Report
Bhoomika Nair

Shree Cement's Q4FY18 results (Outperformer) - Strong operational performance

Q4FY18 result highlights

  • Adj. PAT at Rs4bn (+31% yoy): led by sustained volumes and higher realizations.
  • Volumes grew by 8.7% yoy to 6.4mt: led by strong growth in East (low base). Sand availability improved in Bihar leading to pick up in construction activity, supporting demand in the region.
  • Realizations at Rs4157/t (+7% yoy, +Rs26/t qoq): led by higher prices in North as well as East on yoy basis. The qoq rise in realizations was led by higher sales in East were prices were relatively robust.
  • EBITDA/t at Rs956 (+5% yoy, -Rs49/t qoq): Costs increased by 8% yoy largely due to higher P&F costs (+31% yoy, higher petcoke prices) and freight costs (+16% yoy, higher diesel prices, clampdown on overloading, change in commercial terms to FOR vs ex-factory sales), which offset benefits of positive operating leverage.

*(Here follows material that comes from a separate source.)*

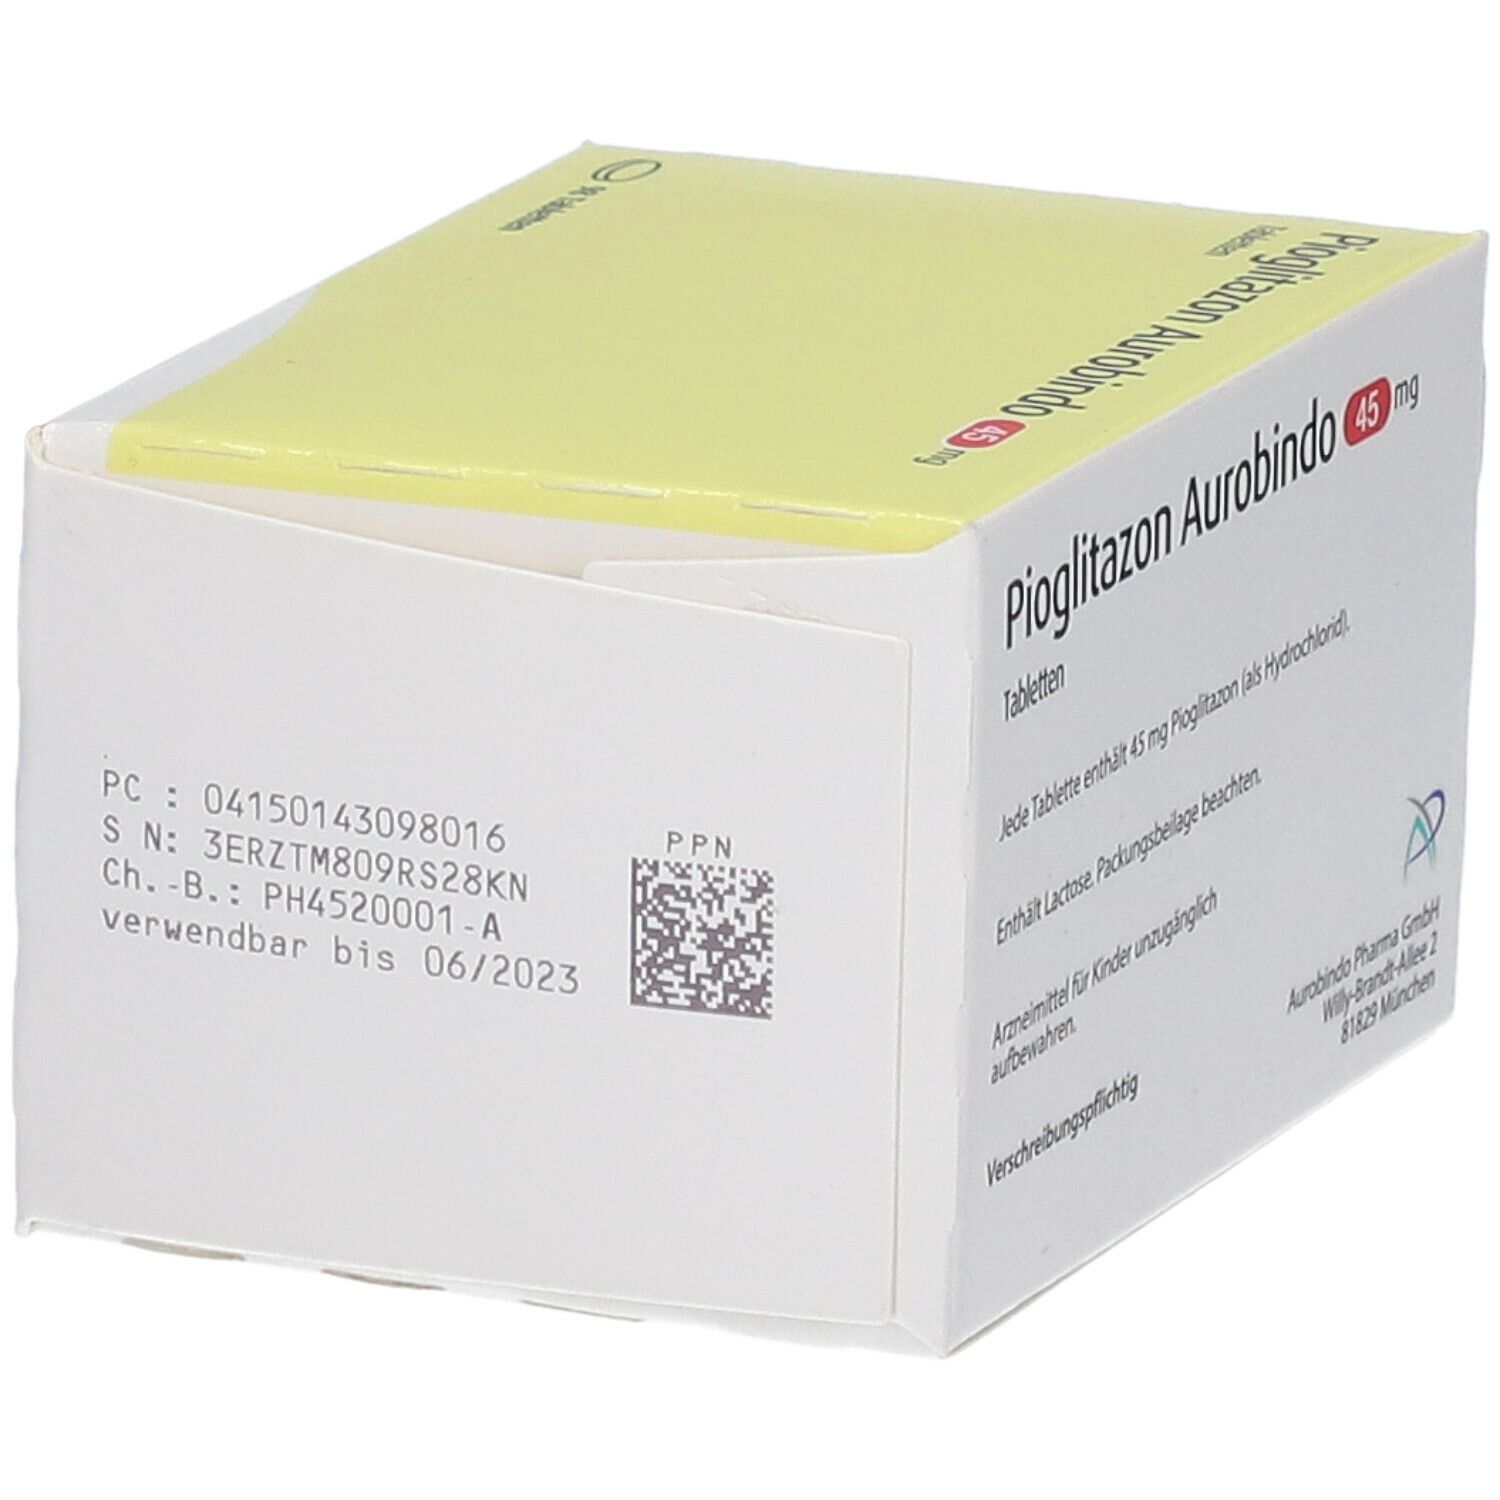 Pioglitazon Aurobindo 45 mg
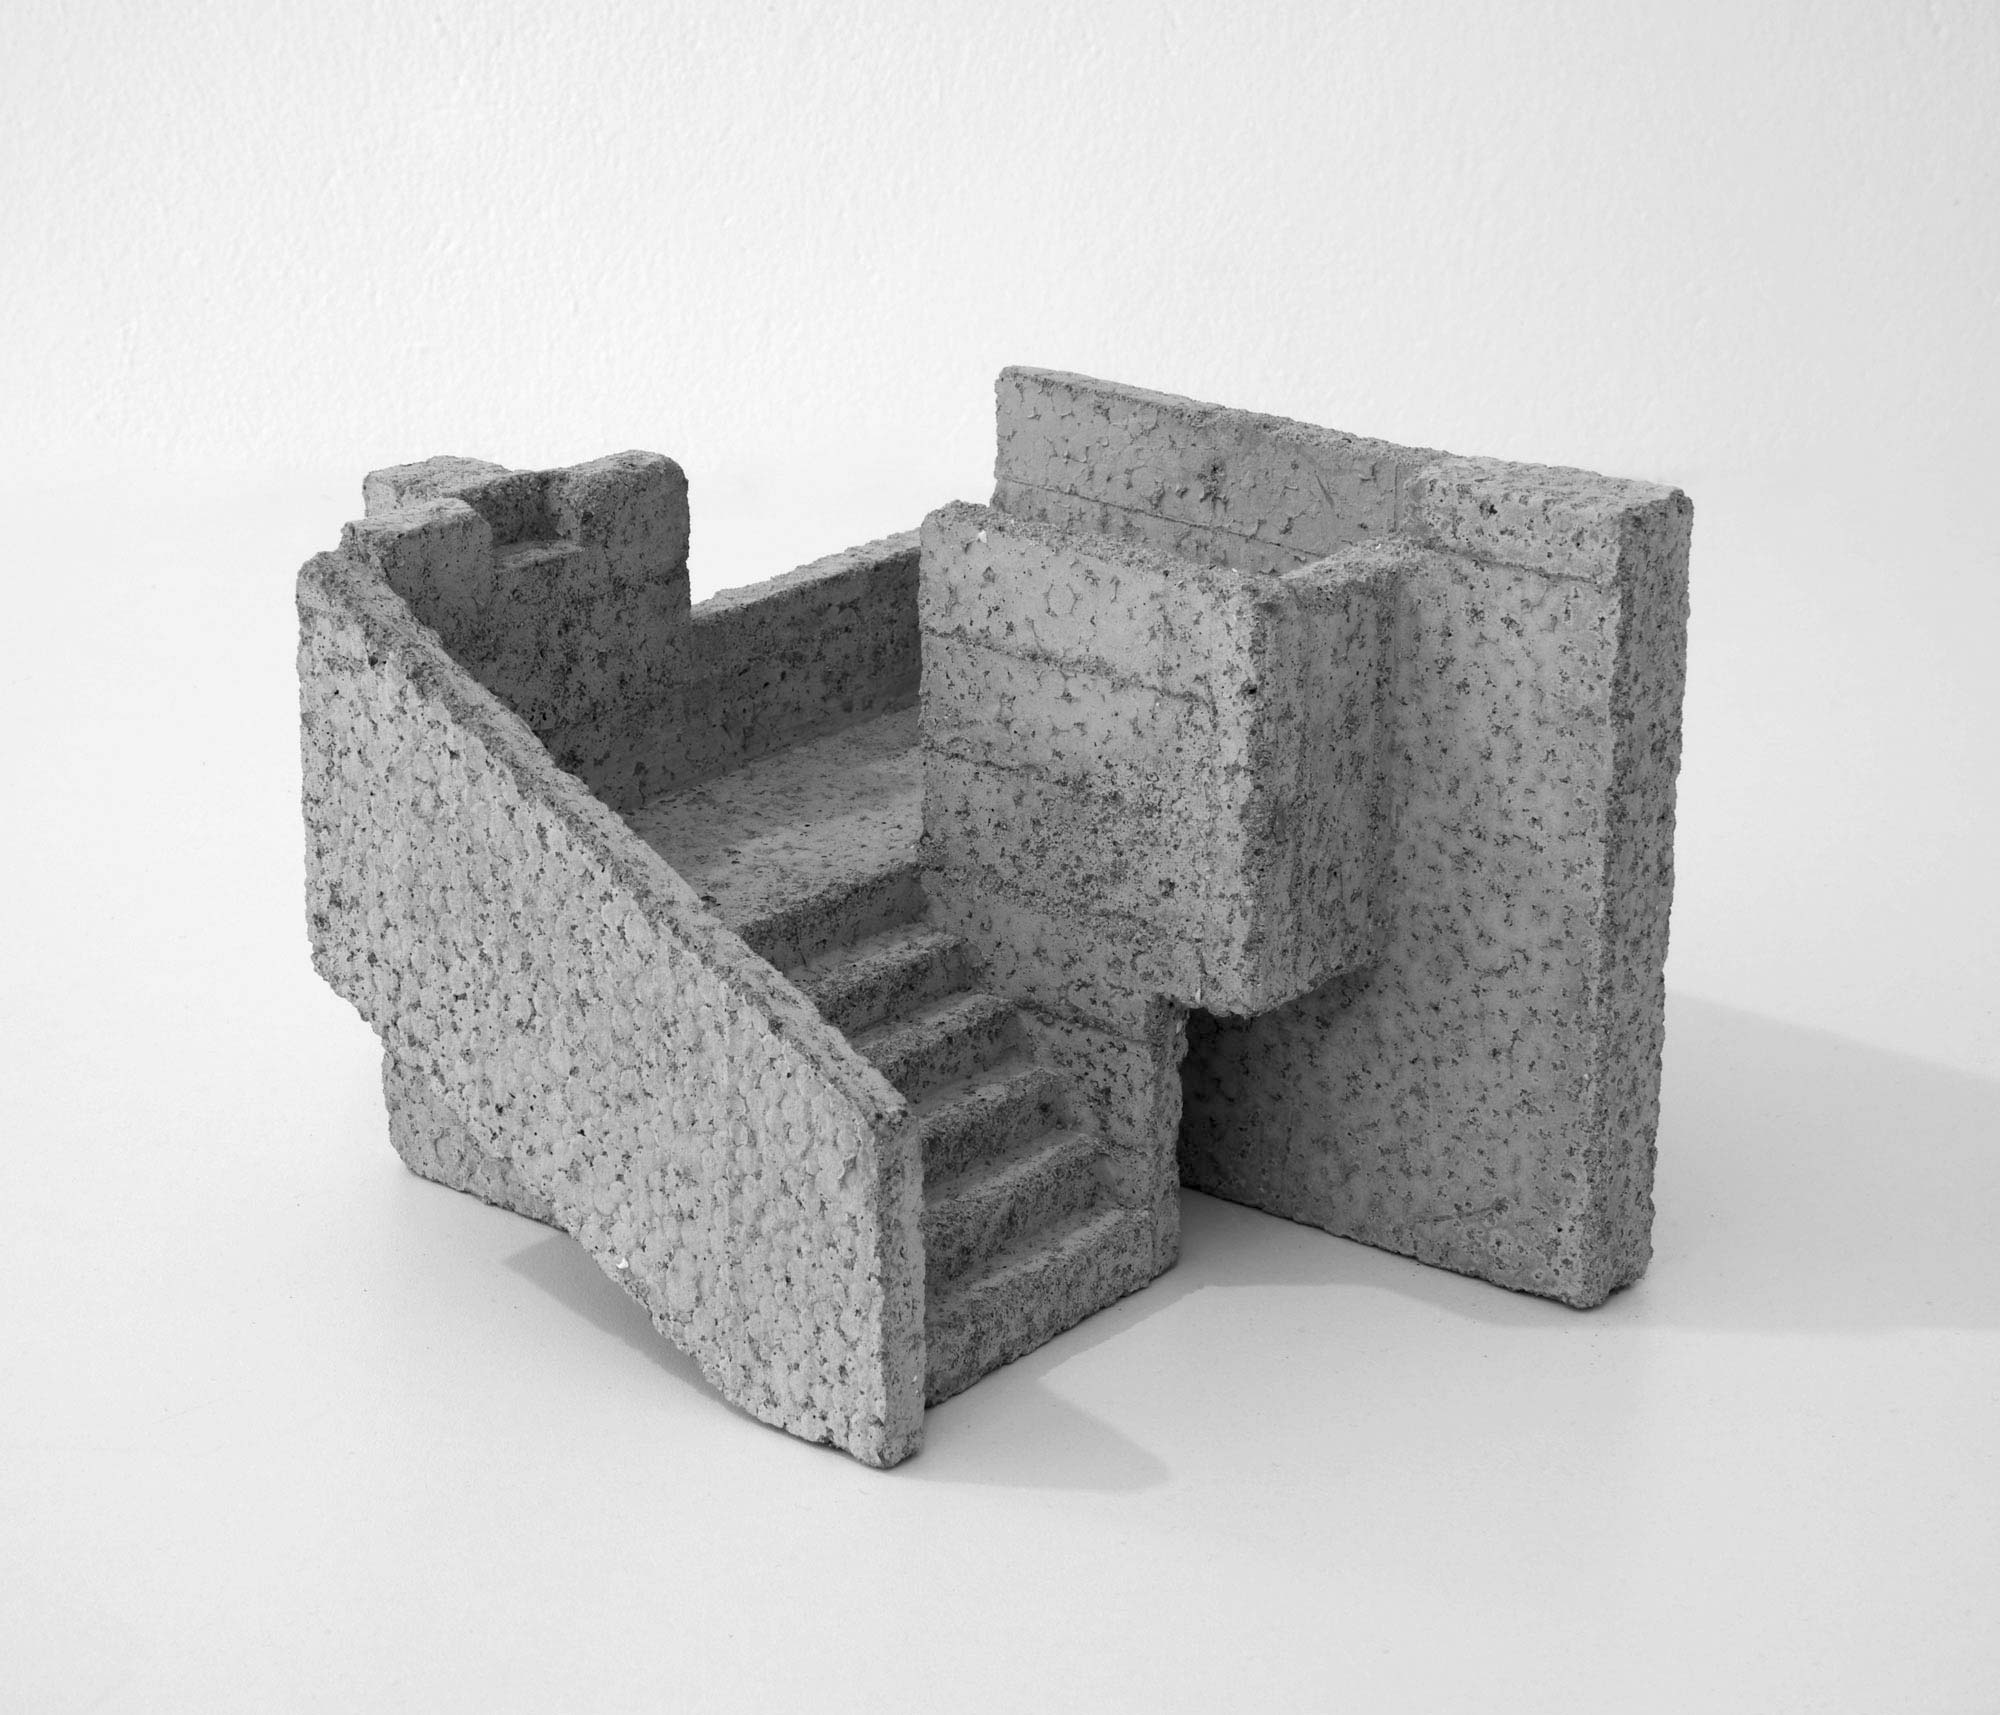 mattia listowski art design objet décoration sculpture béton moulage micro architecture maquette escalier droite droite édition limitée numérotée signée paris bruxelles 2021

On a qoq basis, cost/t +2.4% led by higher freight costs. Hence, cement EBITDA grew 14.4% yoy to Rs6.2bn.
  • Merchant power EBITDA -48% yoy to Rs135mn: due to lower volumes (-21% yoy to 345mn units on weak demand) and higher fuel costs. Consequently, overall EBITDA grew 11.5% yoy to Rs6.3bn.
  • Rise in costs impact FY18 profitability: FY18 Cement EBITDA +2.6% yoy to Rs242bn on volume growth (+9.5%yoy to 22.5mt), while 7% increases in realisations was offset by higher costs resulting in drop in EBITDA/t (-6.3% yoy to Rs1073). Power EBITDA fell 91% yoy to Rs142mn (22% yoy drop in volumes, higher costs). Overall EBITDA fell 3.2% yoy to Rs24.3b. Adj PAT flat yoy at Rs13.44bn (lower depn).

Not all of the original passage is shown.